• **Dataset extract**:
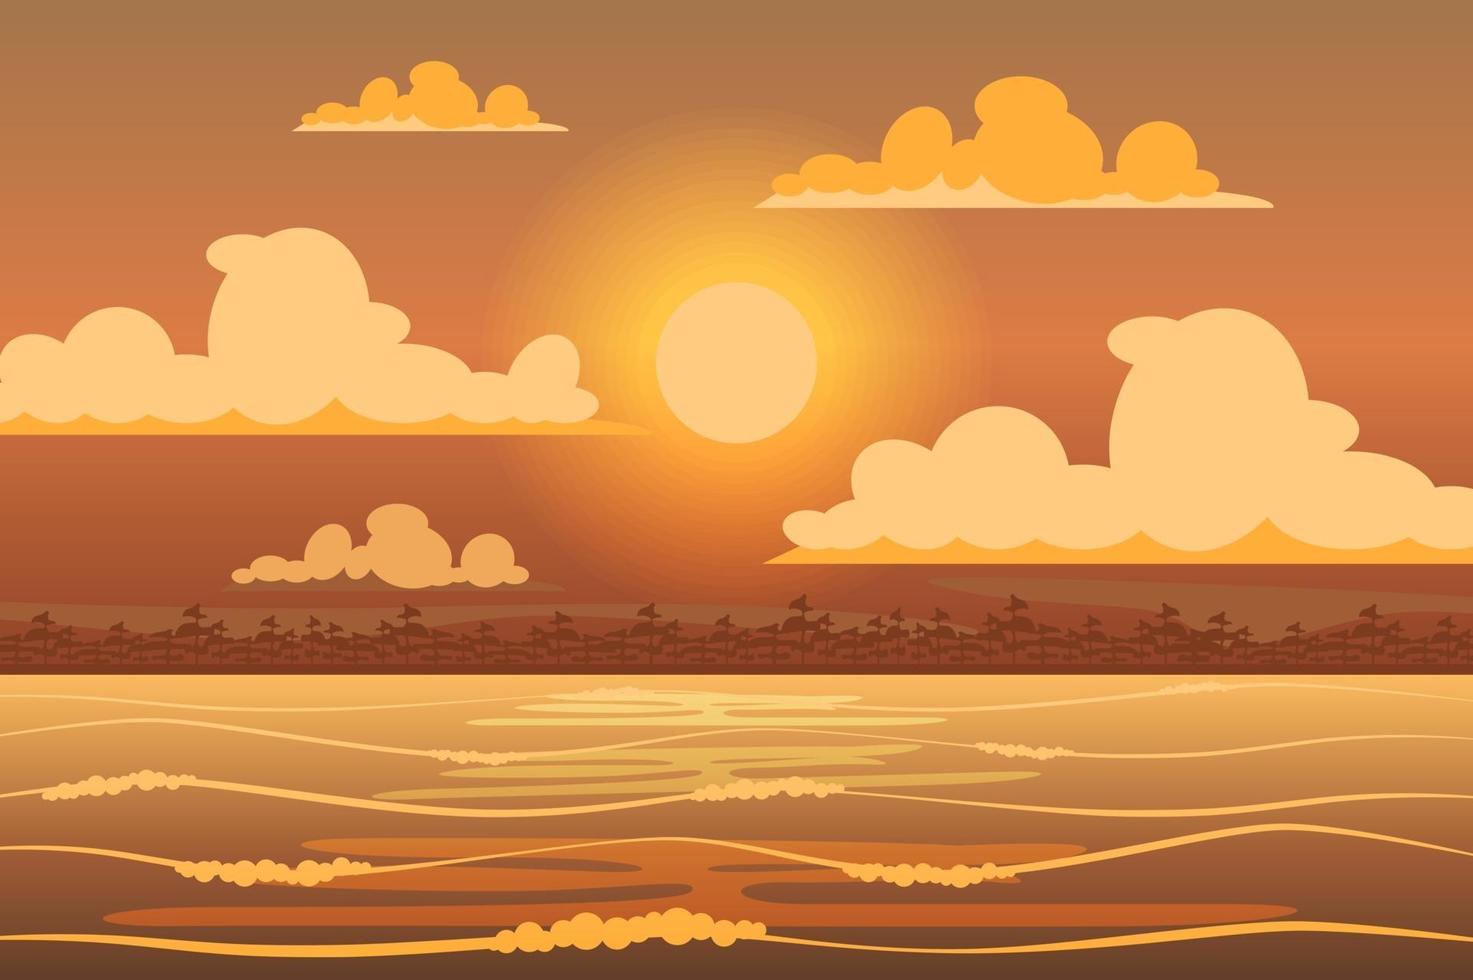 Sun shining over tropical island landscape background in flat style vector
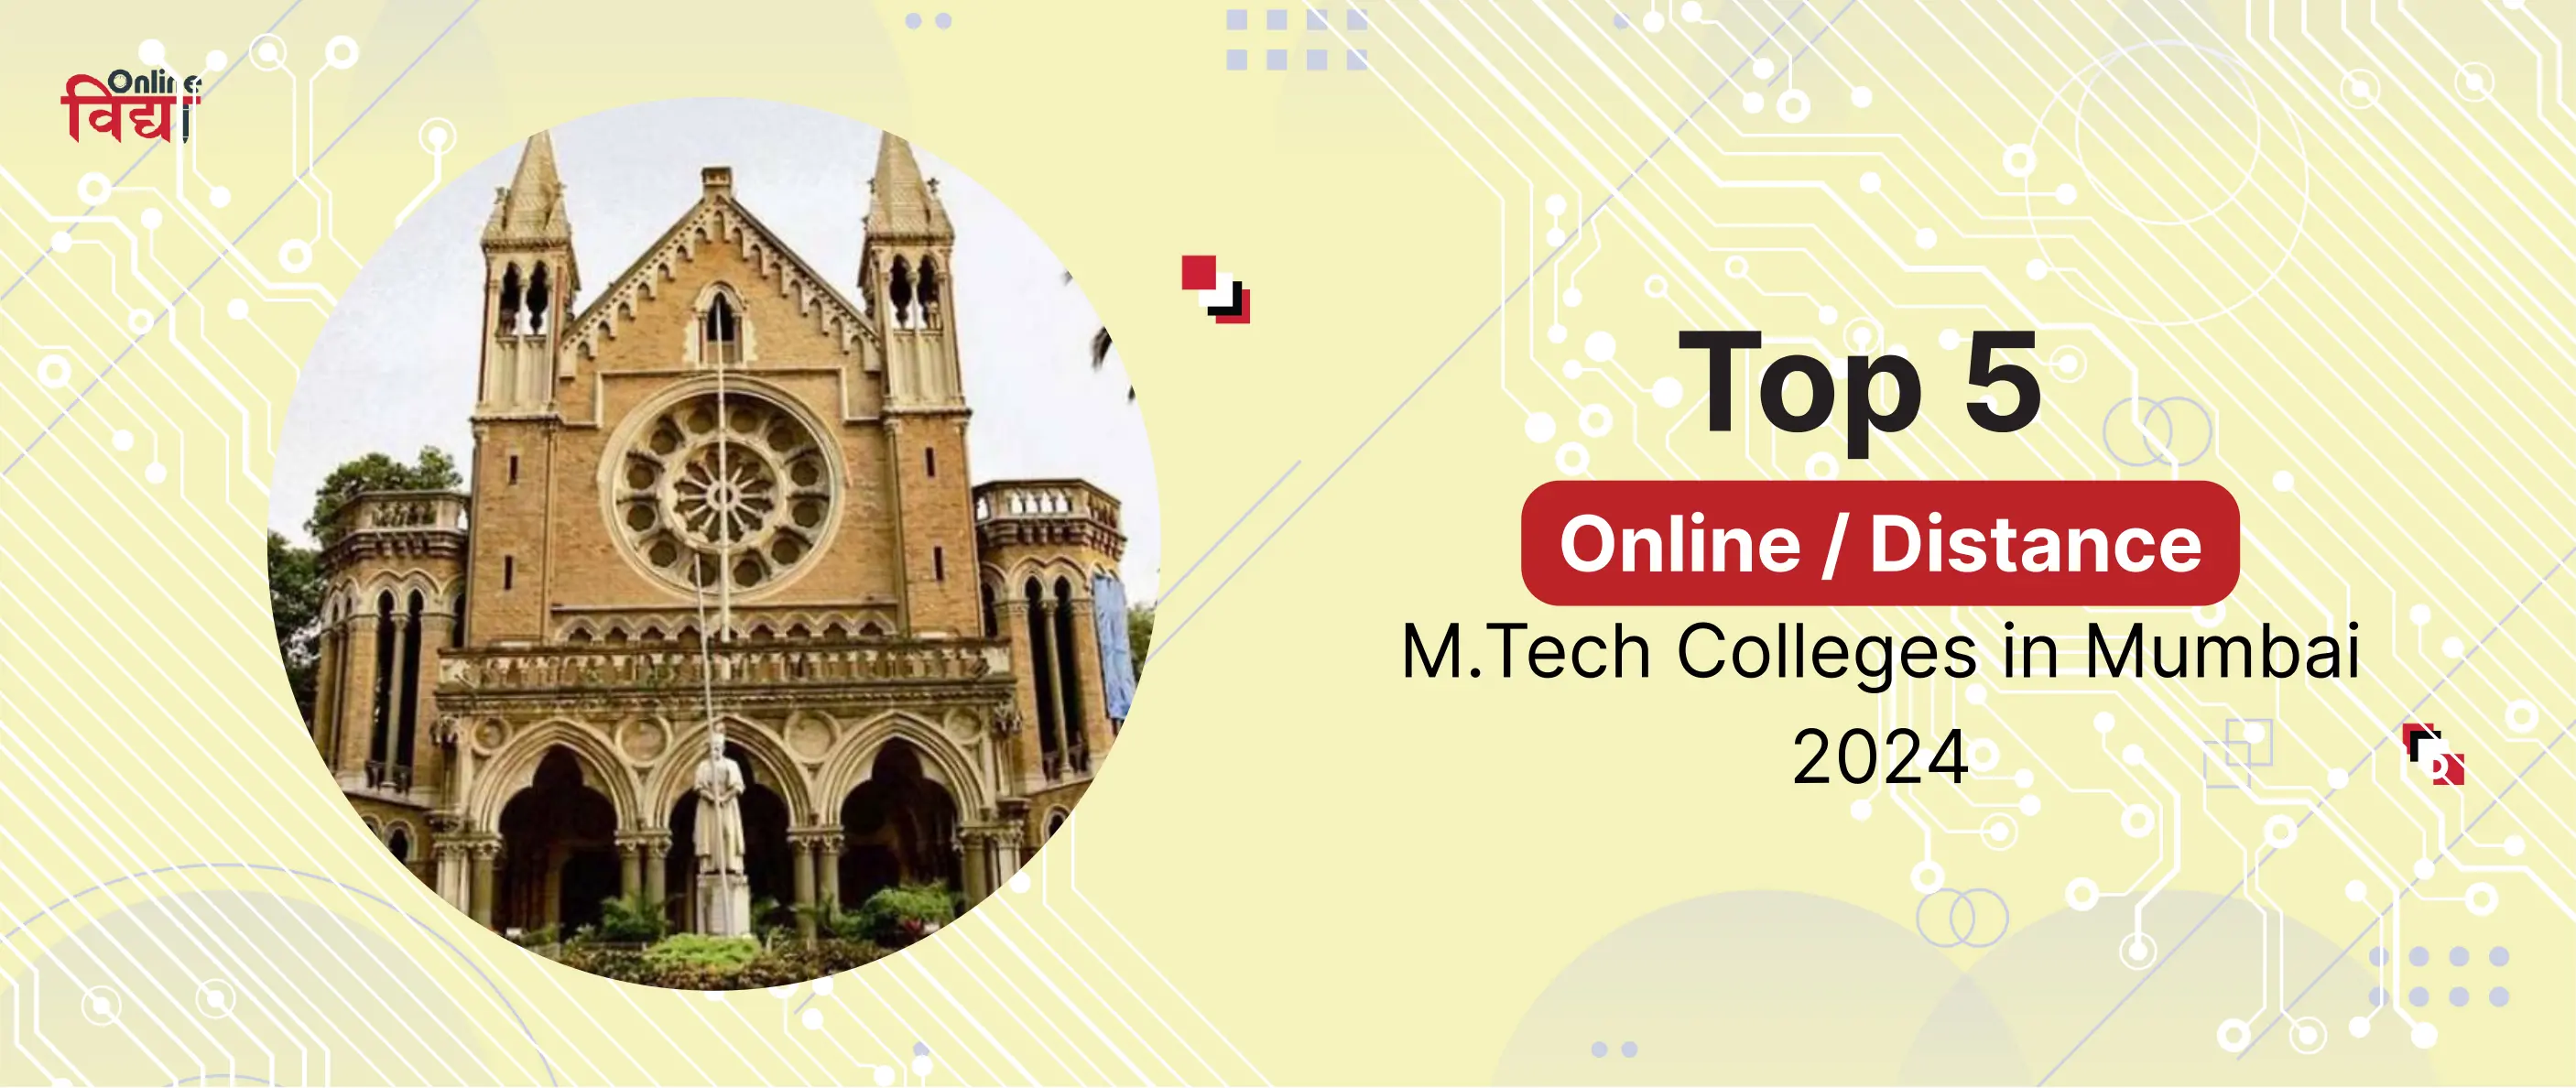 Top 5 Online/Distance M.Tech Colleges in Mumbai 2024
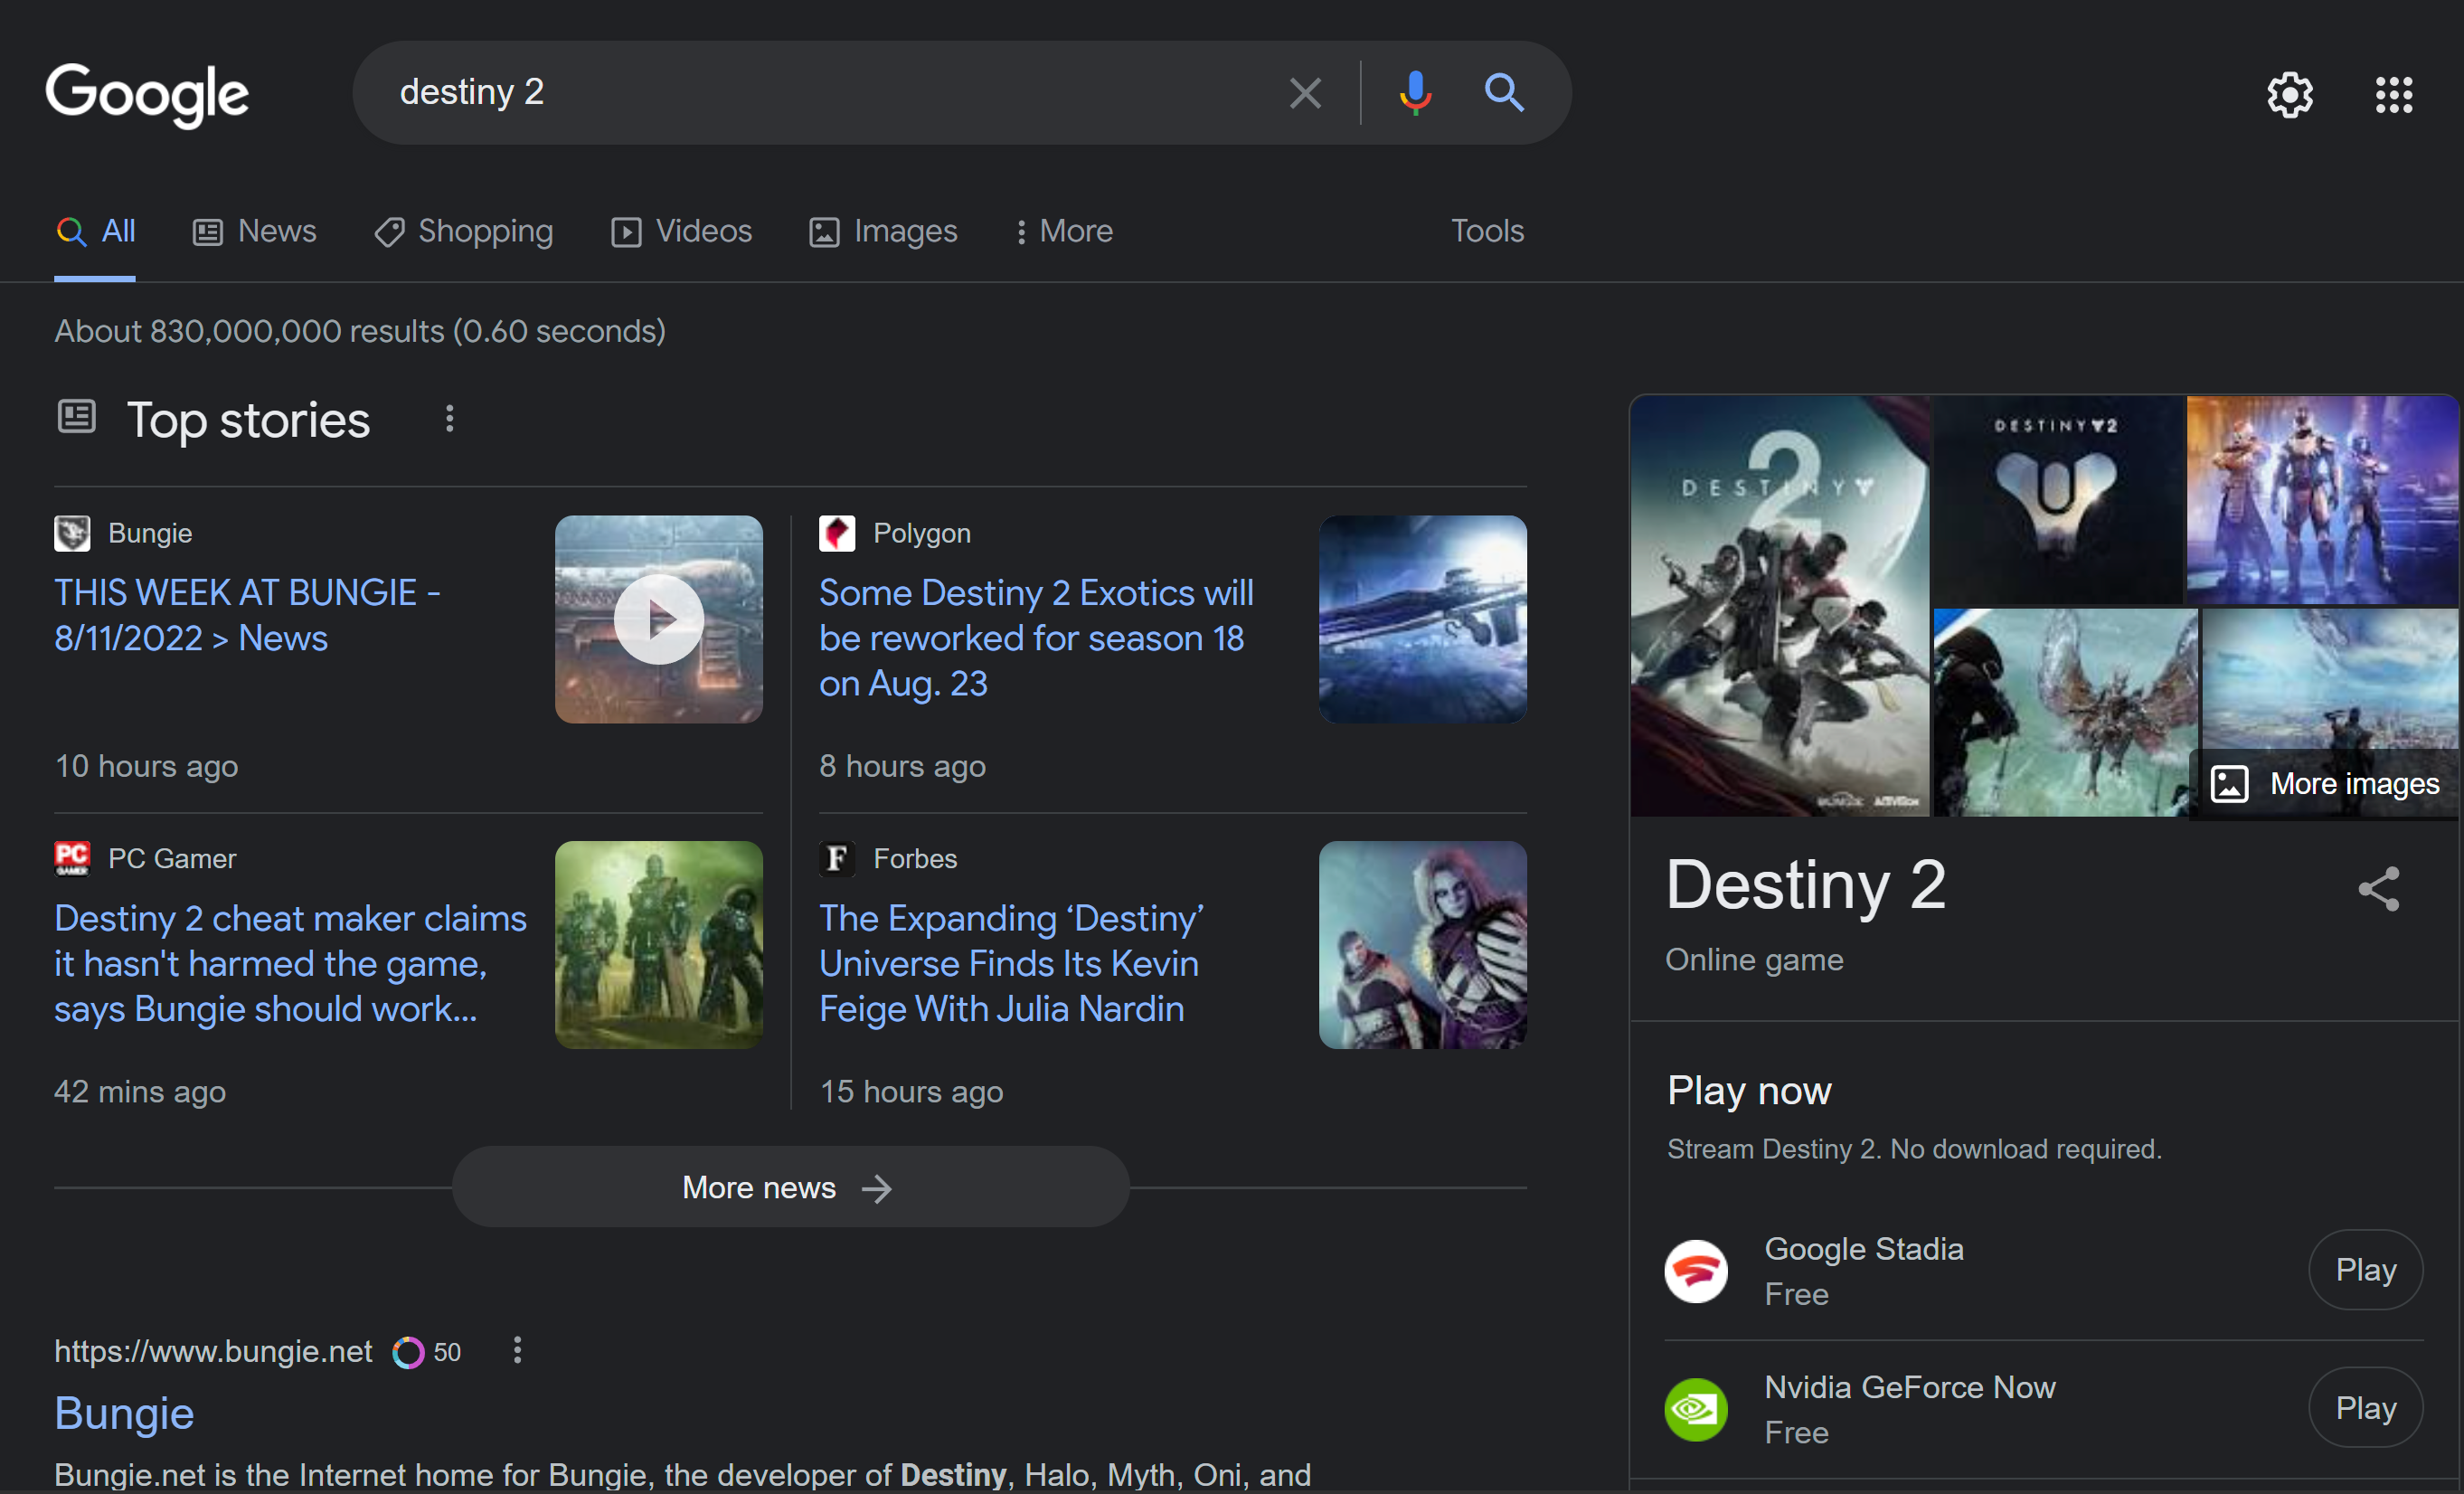 Google is reportedly bringing instantly playable online games to

• **Description of the task**: Copy the data word for word and omit every picture.

• **Your solution**:
 Sun shining over tropical island landscape background in flat style vector
 Top 5 Online/Distance M.Tech Colleges in Mumbai 2024
 Google is reportedly bringing instantly playable online games to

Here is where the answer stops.